Mirriam-Webster has got you covered!


onomatopoeia

noun


on·o·mato·poe·ia | \ ˌä-nə-ˌmä-tə-ˈpē-ə , -ˌma- \

Definition of onomatopoeia:

1: the naming of a thing or action by a vocal imitation of the sound associated with it (such as buzz, hiss) also : a word formed by onomatopoeiaIn comic books, when you see someone with a gun, you know it's only going off when you read the onomatopoeias.— Christian Marclay

2: the use of words whose sound suggests the sensea study of the poet's onomatopoeia

 

[nakedfrog]

I did already know that and use it frequently, many times per day. It is invaluble.

One good turn deserves another so, let's say you want to search a site that has a shitty search function but it's a public site, so it gets indexed by google. Use the "site:" function.

It doesn't work here since I assume they block google's bots. But if they didn't, you type "site:forums.anandtec.com" plus your search terms.

I bid you adieu and travel well down the google rabbit hole

It works here, and it's a much easier/more effective way to search AT.

 

[Torn Mind]

@Torn Mind I see you haven't been on Earth for very long.

Tenant triggered a drug bust at house my mom owned. 6 months probation, a guilty plea, and some fees are all he got. His occupation was bus driver for various companies.

The other first met just when he finished his bust, his name is Norman. He knew a dude named "Anthony", who is kingpin who learned to cover his tracks better by hiring willing drivers, usually females in good societal standing. Anthony had little of a history by the time I checked case search, with only getting caught via traffic stop. Anthony didn't need housing for himself, but he did for his hired hands.

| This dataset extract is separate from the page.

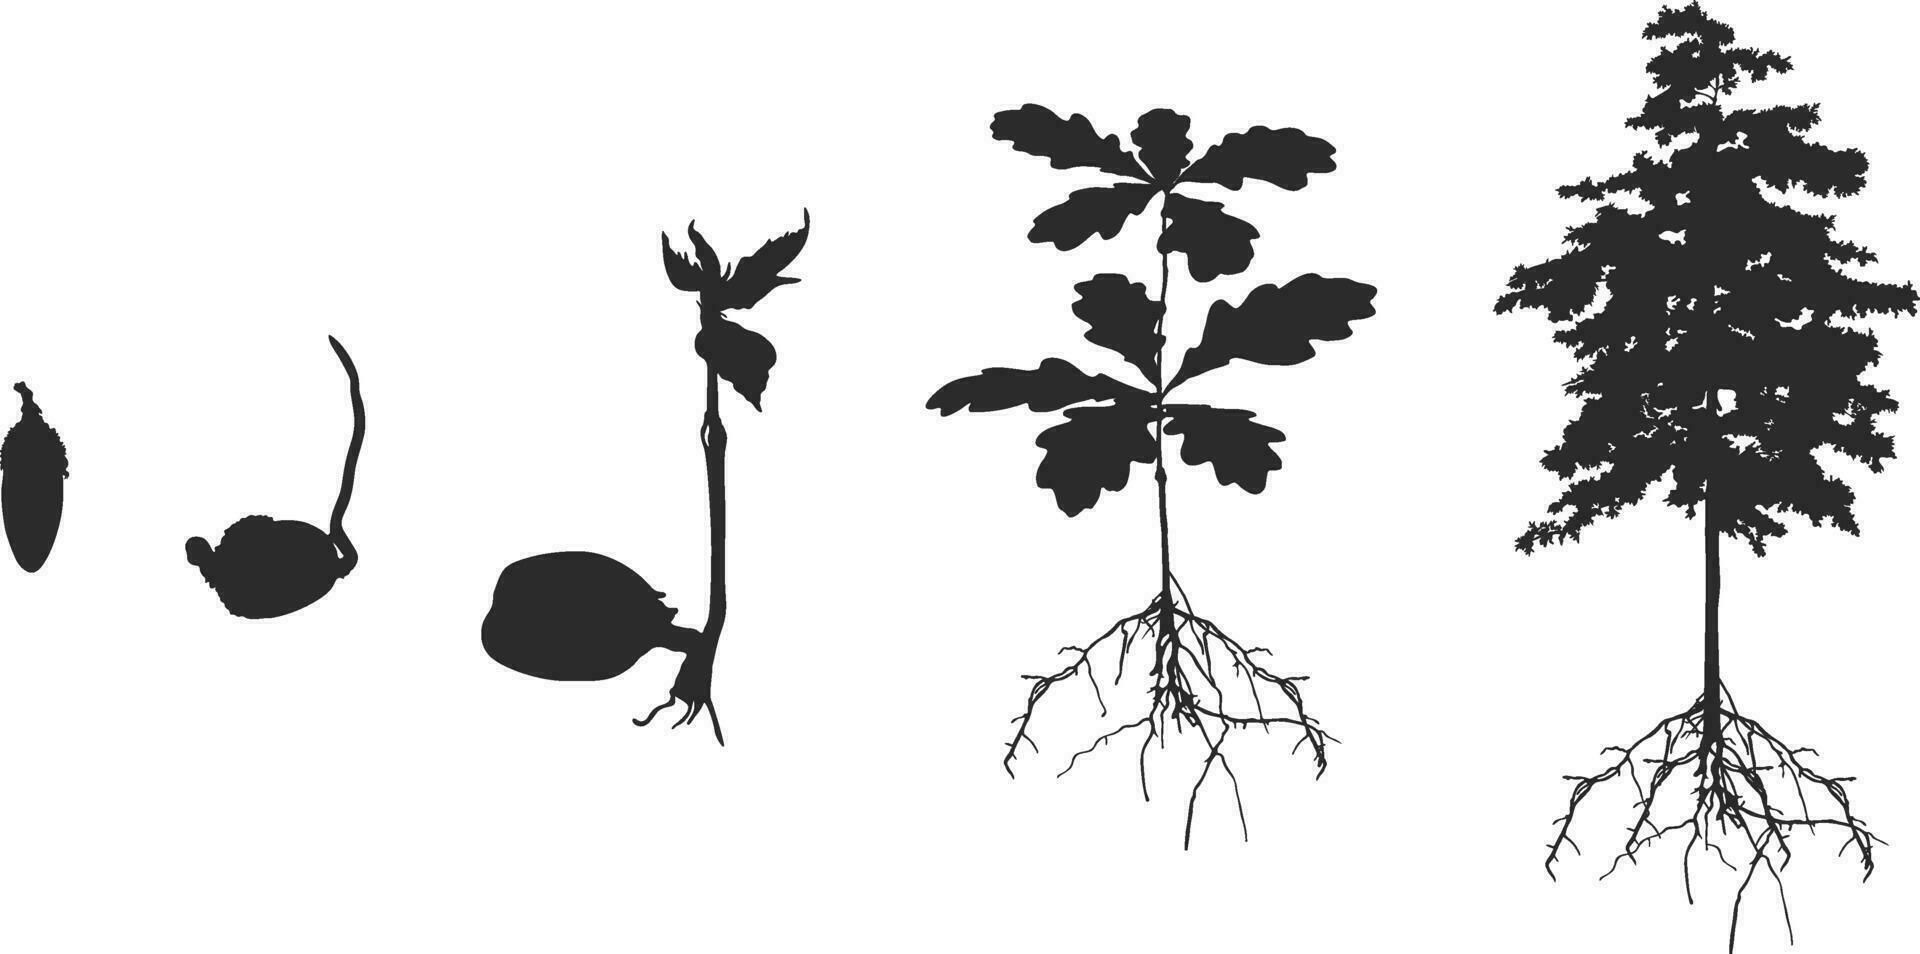 Life cycle of oak tree silhouette,  Cycle of tree silhouette, Life cycle of oak vector, Growing oak seed silhouette V02. vector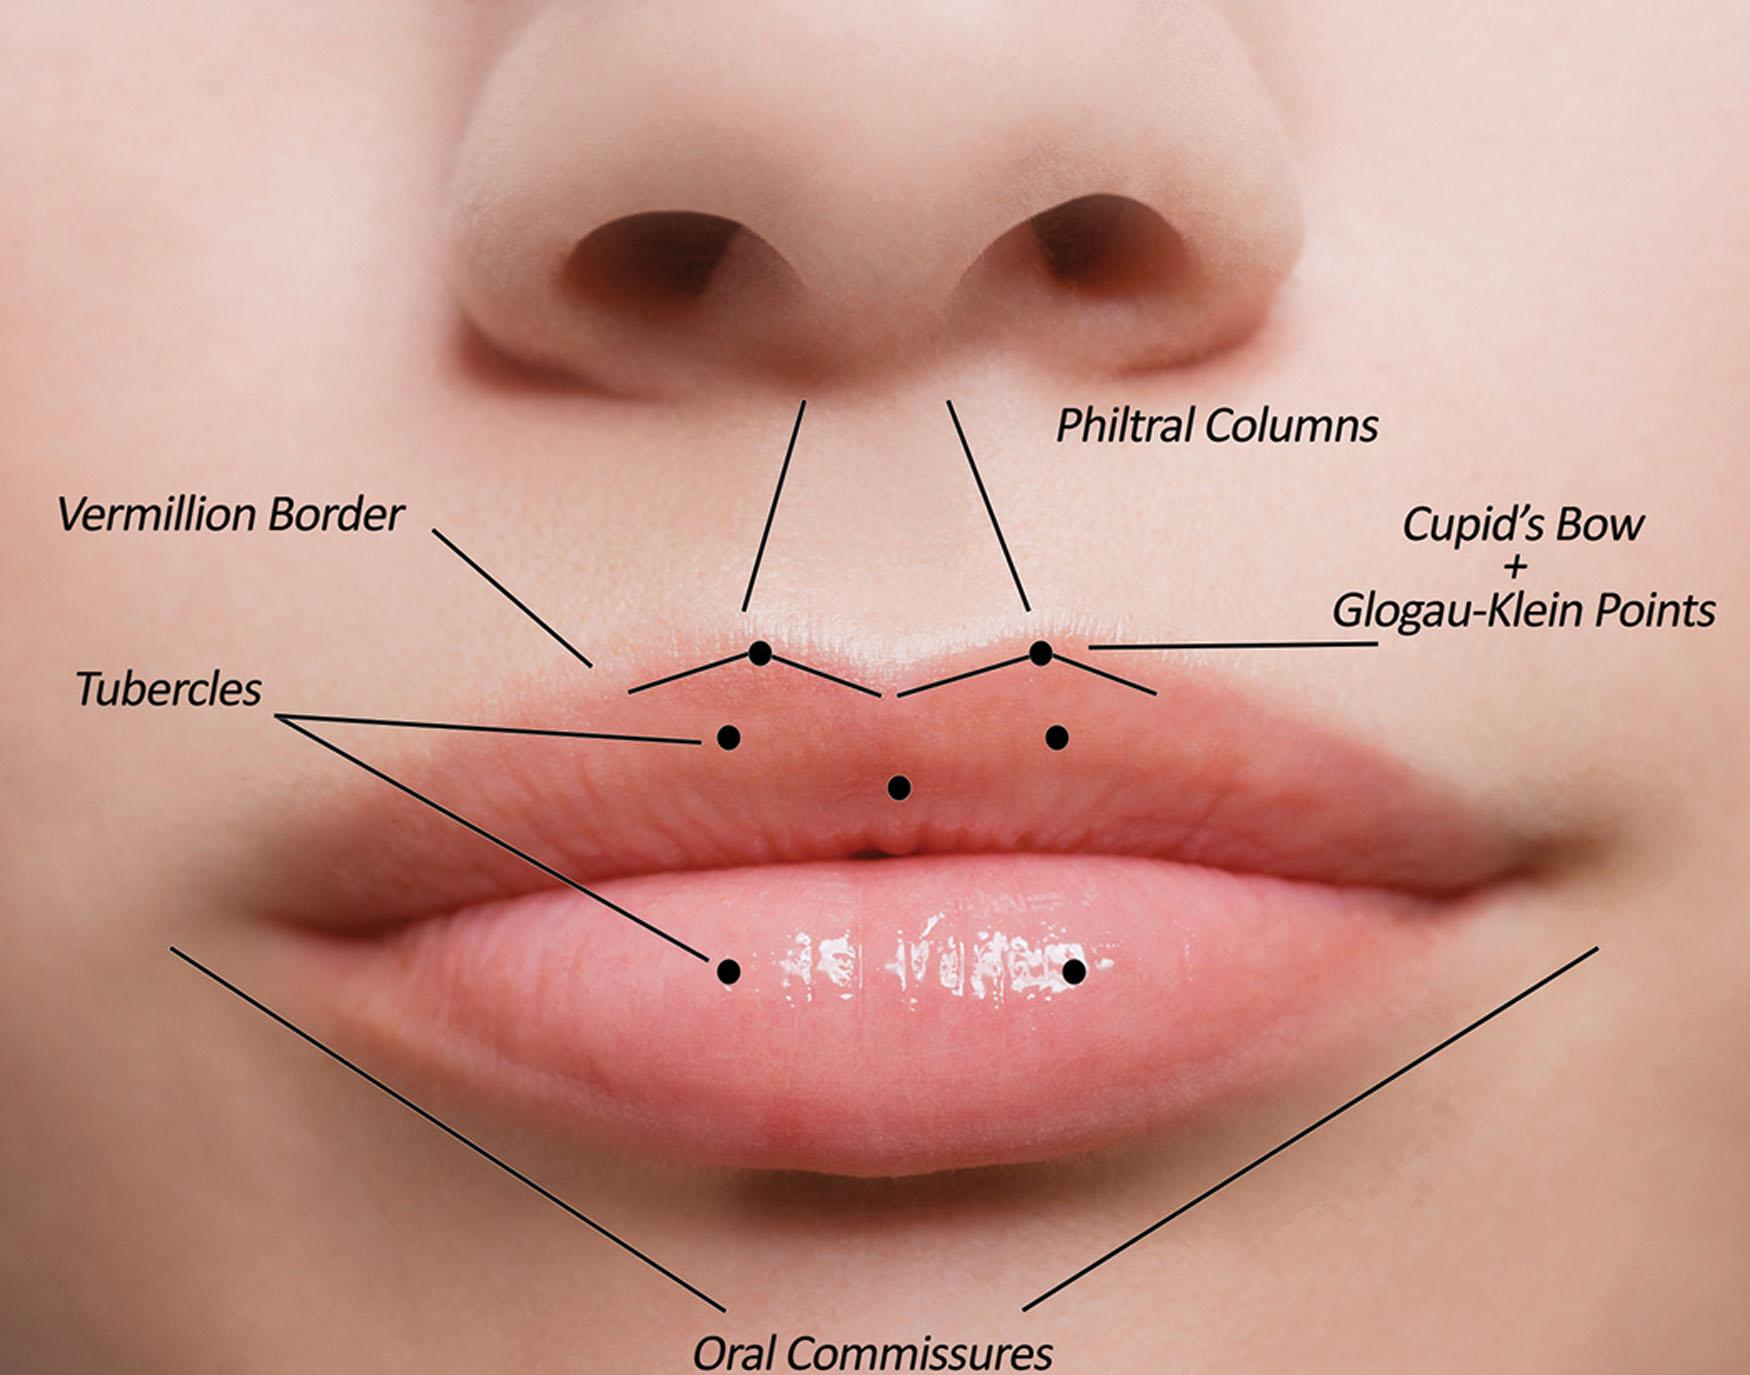 Fig. 10.54, Some important anatomic components of youthful and aesthetic lips and perioral region.

A pair of sisters also alleged two dudes, of which Norman was a named individual, and female getaway driver popped Tylandis, their brother. Murder charges were pressed through individual filing, Norman gets arrested and gets on bail. Later, the case is "nolle prosequi" due to lack of evidence. Norman got jailed a few times but since 2009, has been living as a free man.

Then on another is another group of "suppliers" and a customer. The customer, named Elliot, had well-to-parents(mother is a professor at American University), but he had some issues and signs of aggressive, including a lady who accused him of rape(nolle prosequi'd). One of his main male suppliers tried to obtain housing, once while Elliot was living there and another years later, when Elliot was gone and supplier had gotten an HVAC job. A little more extensive history, but getting sentenced to 9 months in jail in the past did not really deter the activities and he's probably learned to cover his tracks. Another supplier has a bare, nonexistent criminal record and works in a nursing-related job.

Businessmen will always be unethical. Just that "legit" ones simply pay the government fees to conduct business while the likes of drug dealers don't.
I get why the war on drugs is really done. No need to lock 'em up when the dealers can do cheap "accidental" population control and provide nalaxone suppliers stimuli. Opium was used to subjugate China and its more powerful synthetic derivative is doing it to the unethical trash who wants to take drugs.